## Work item
Straight copy, no pictures: transcribe each entry as it stands.

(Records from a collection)
"""

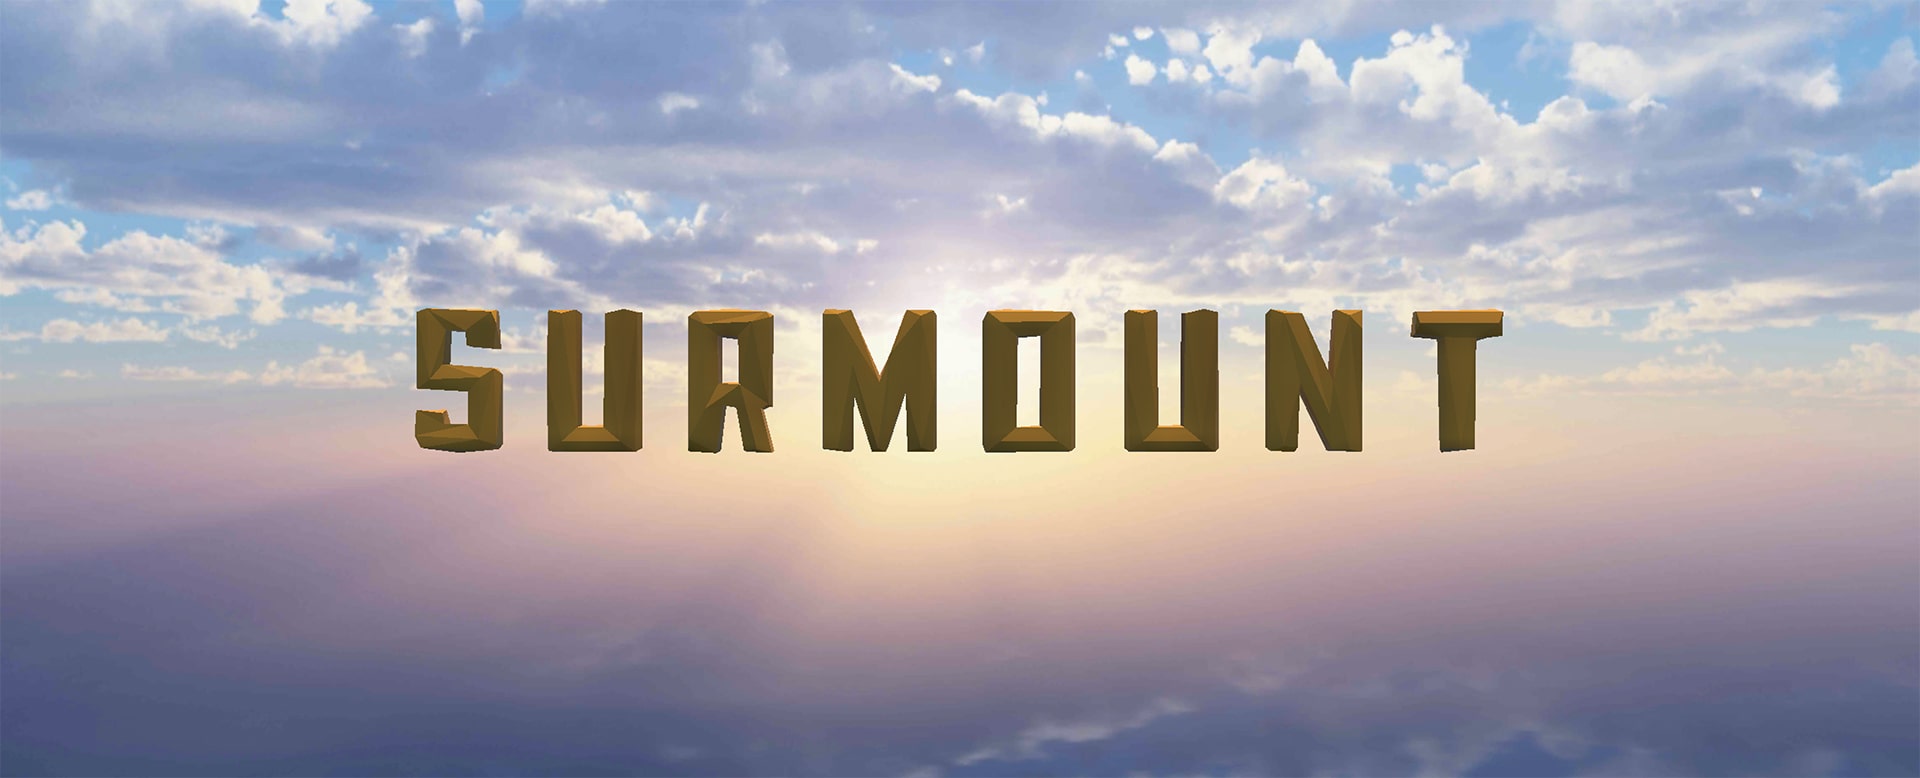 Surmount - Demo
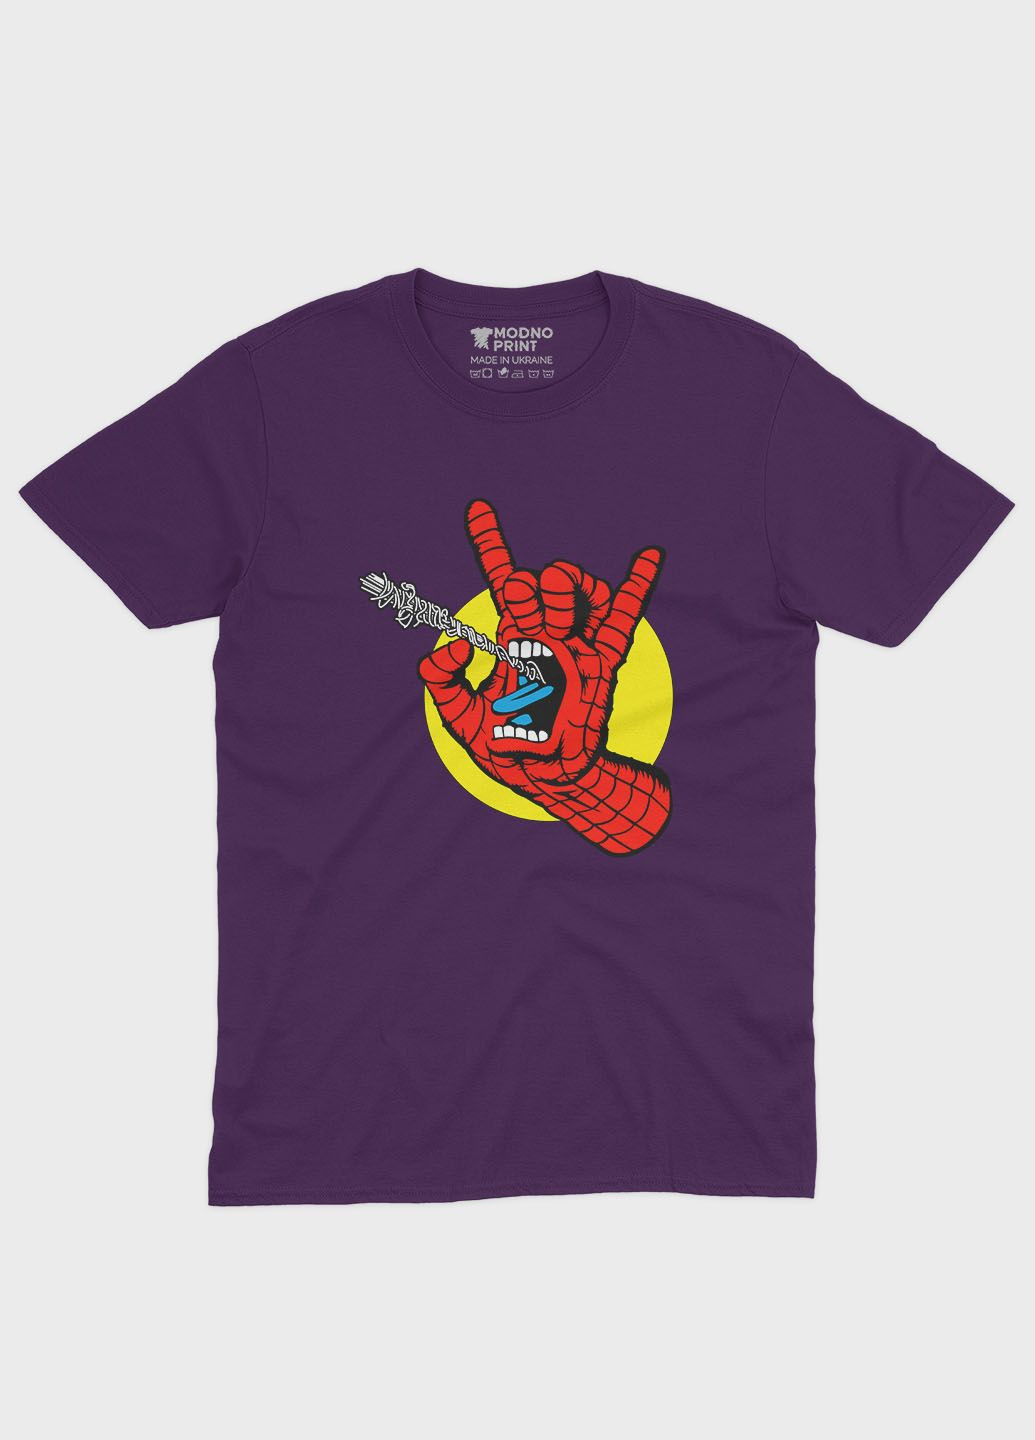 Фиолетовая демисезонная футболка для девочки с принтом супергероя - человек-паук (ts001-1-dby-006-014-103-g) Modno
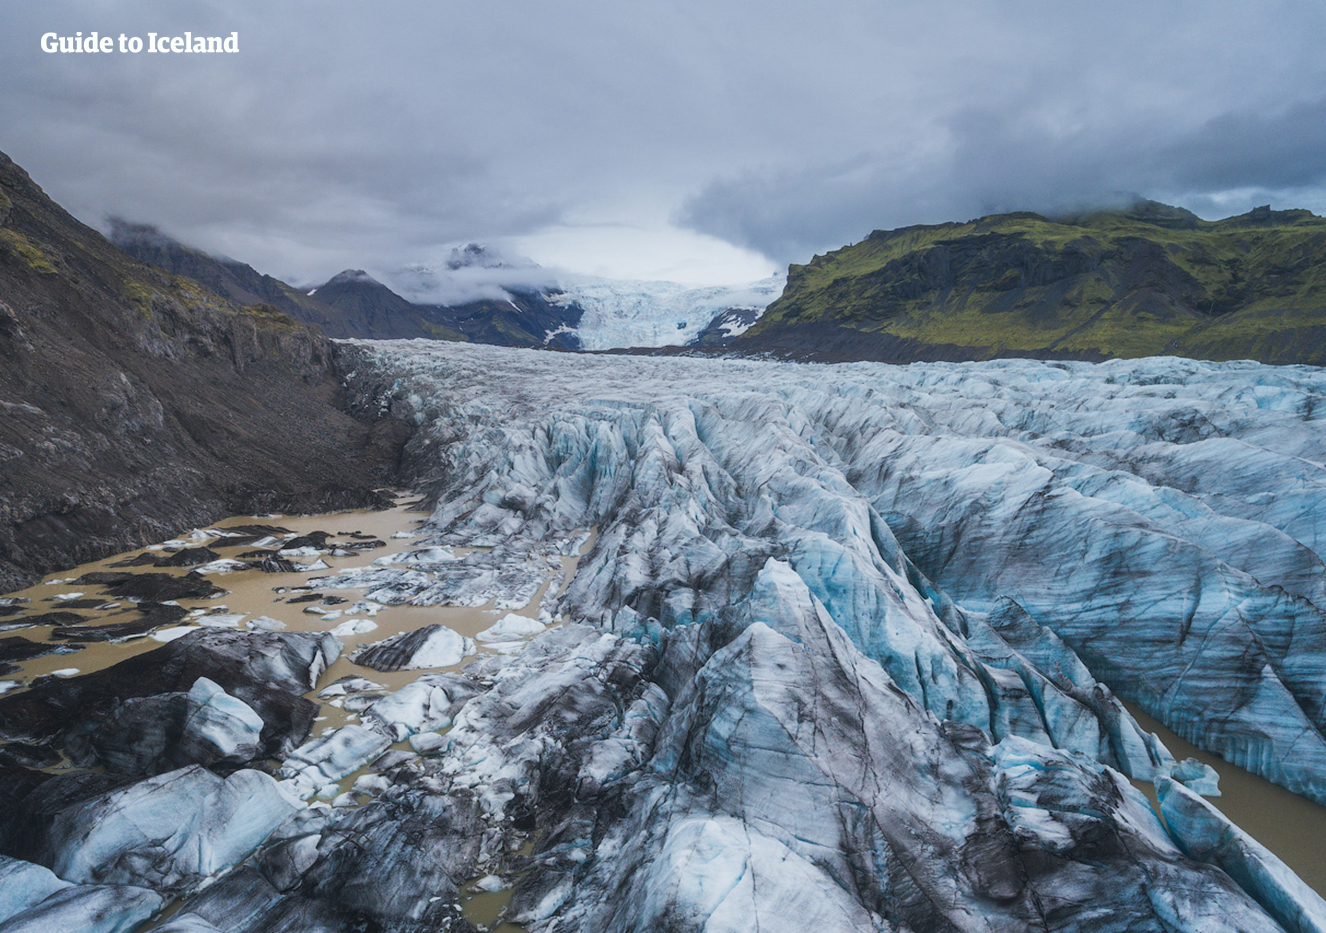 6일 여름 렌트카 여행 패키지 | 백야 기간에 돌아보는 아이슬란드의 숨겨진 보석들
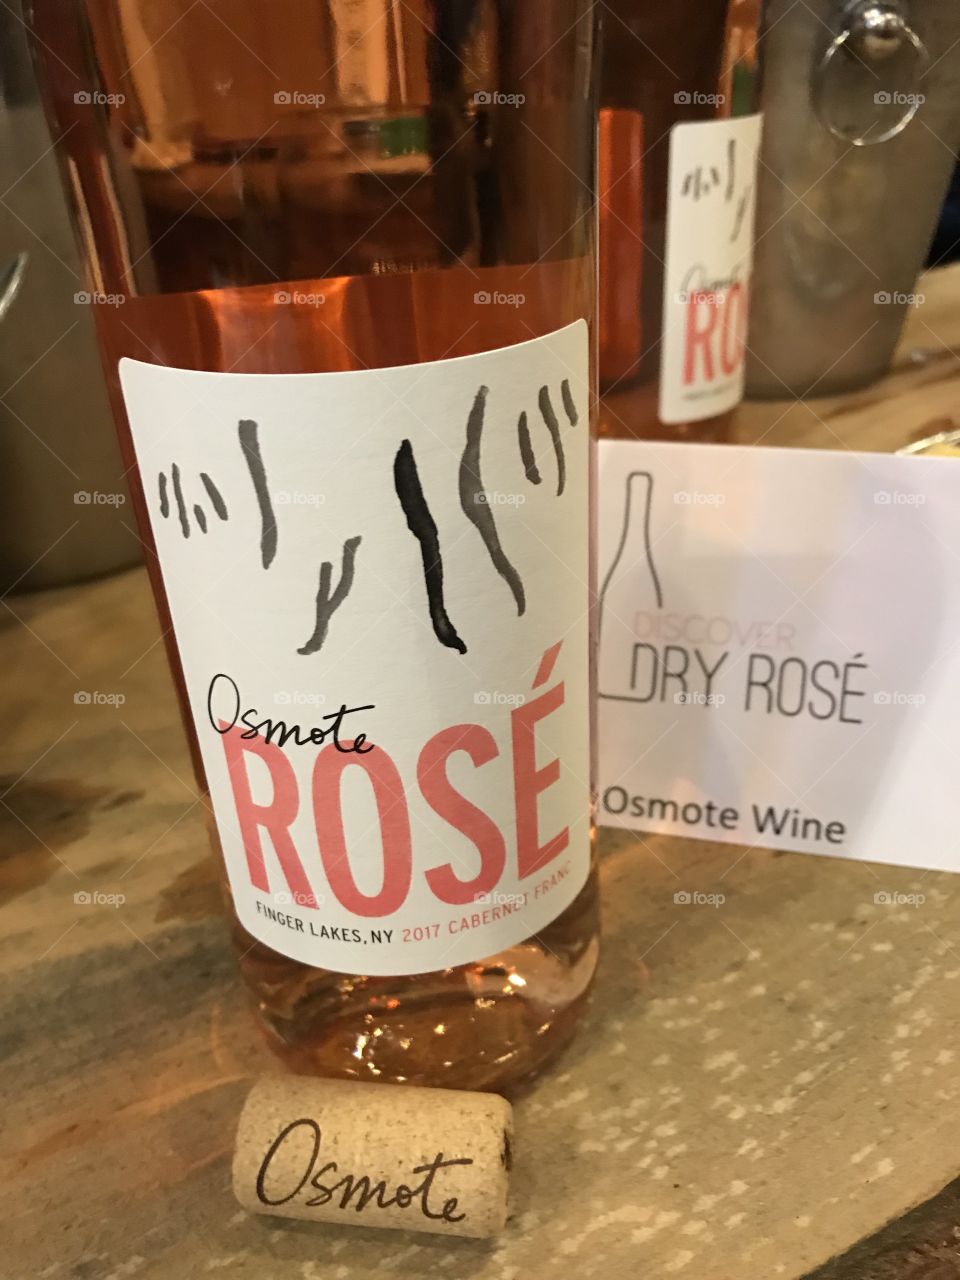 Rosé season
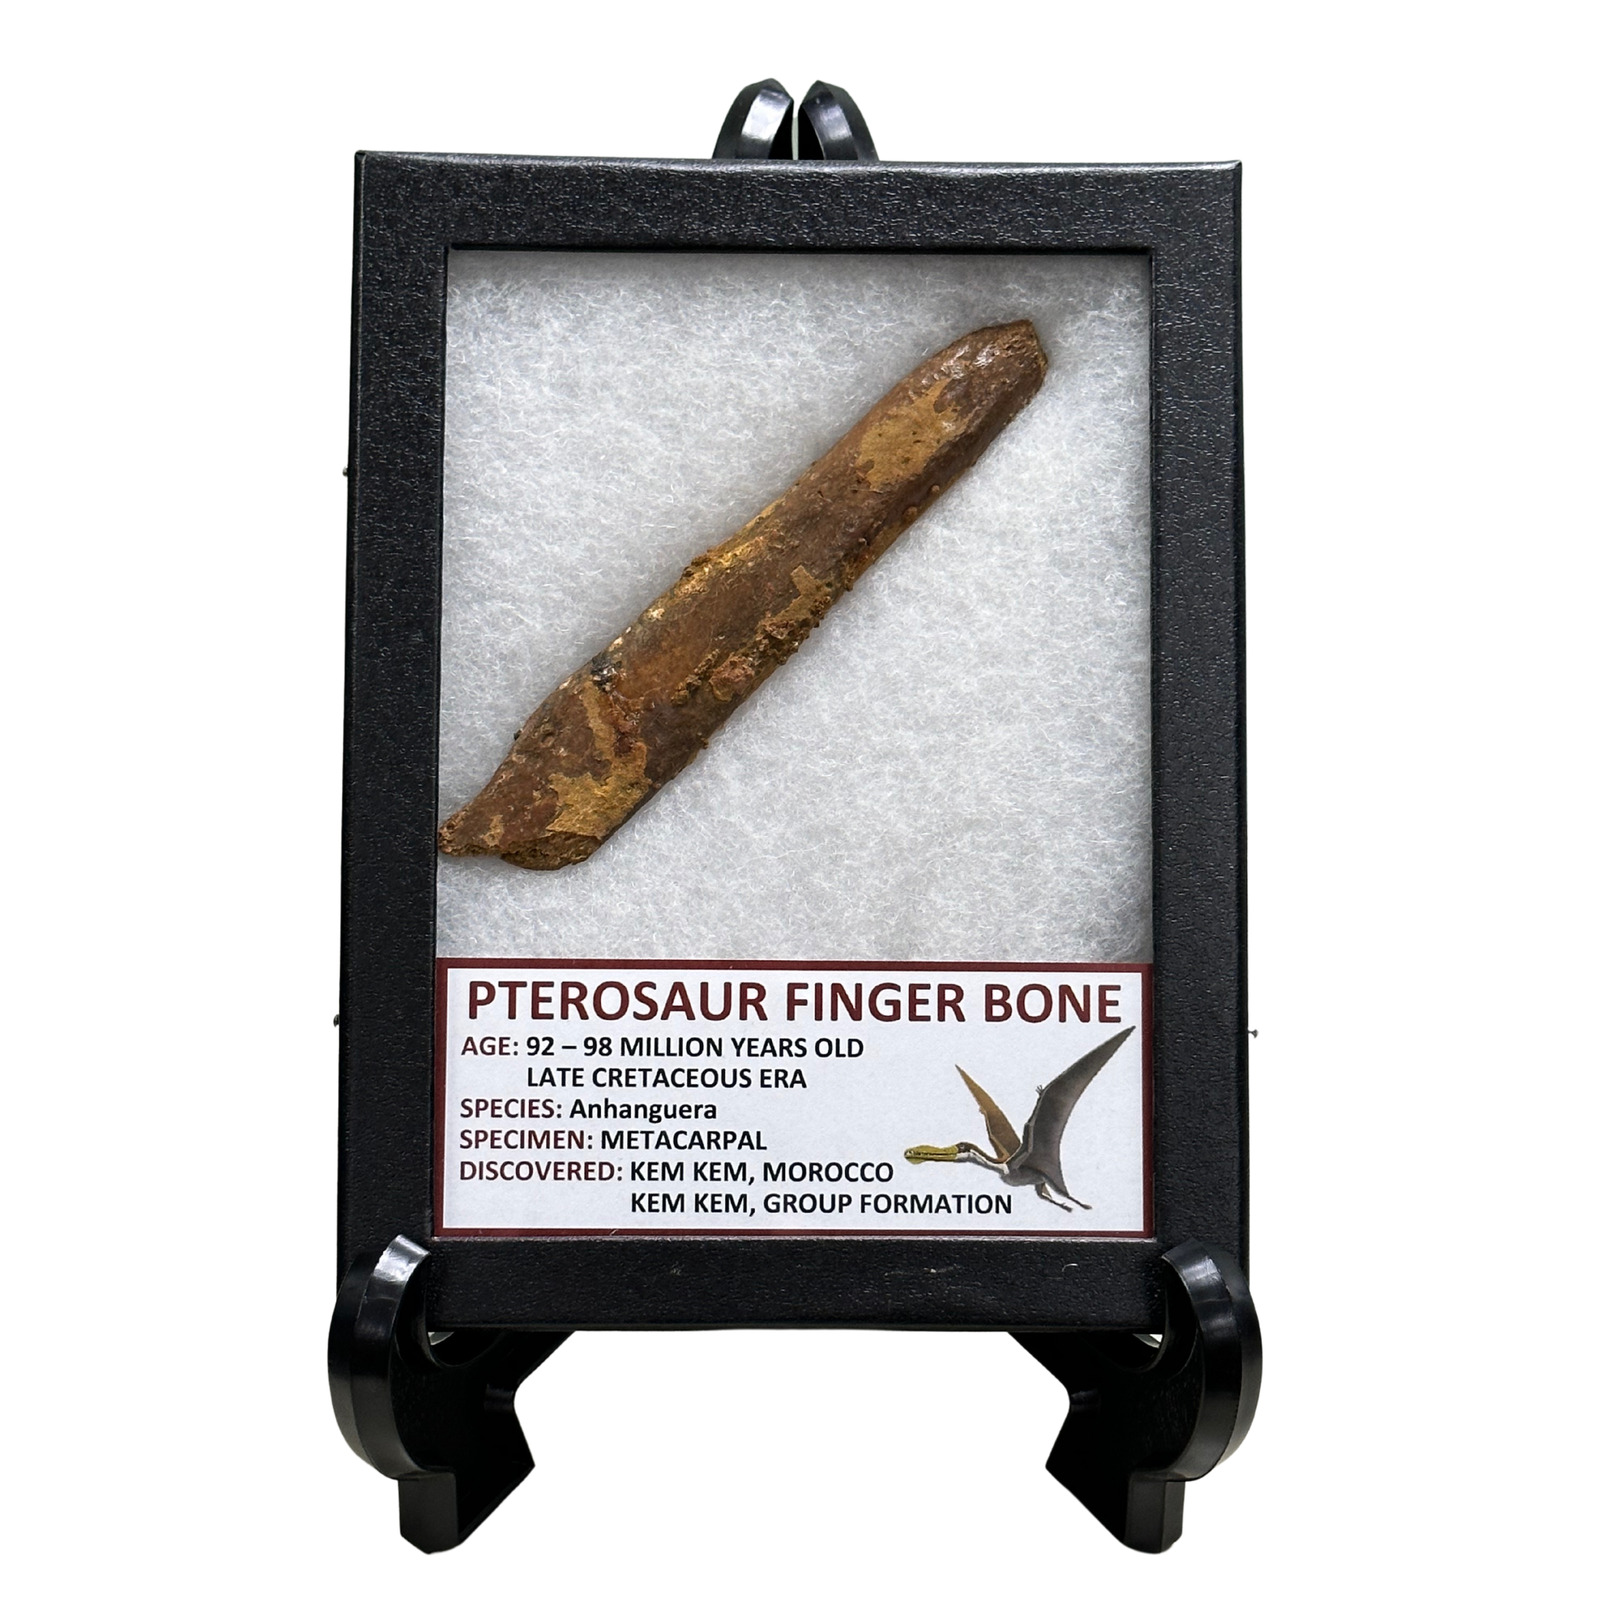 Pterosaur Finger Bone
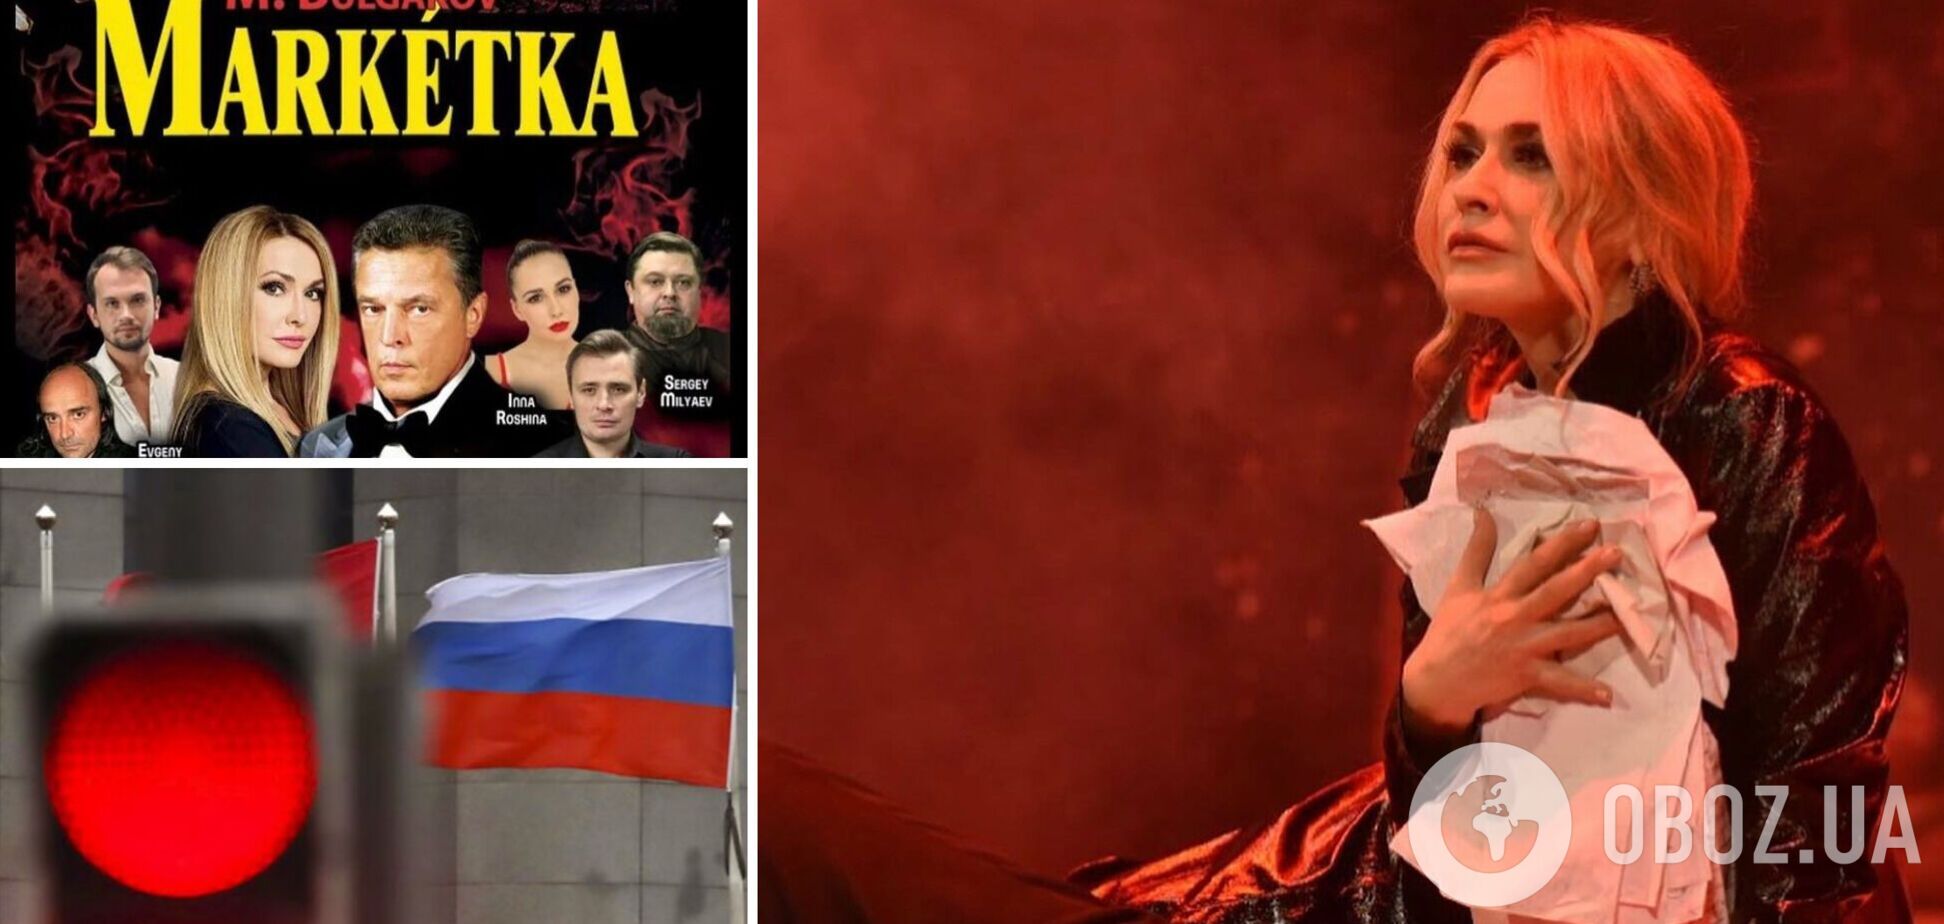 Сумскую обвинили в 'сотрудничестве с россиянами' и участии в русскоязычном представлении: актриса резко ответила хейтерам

"""

## Response area
 Surmount - Demo
 Фиолетовая демисезонная футболка для девочки с принтом супергероя - человек-паук (ts001-1-dby-006-014-103-g) Modno
 6일 여름 렌트카 여행 패키지 | 백야 기간에 돌아보는 아이슬란드의 숨겨진 보석들
 Rosé season
 Pterosaur Finger Bone
 Сумскую обвинили в 'сотрудничестве с россиянами' и участии в русскоязычном представлении: актриса резко ответила хейтерам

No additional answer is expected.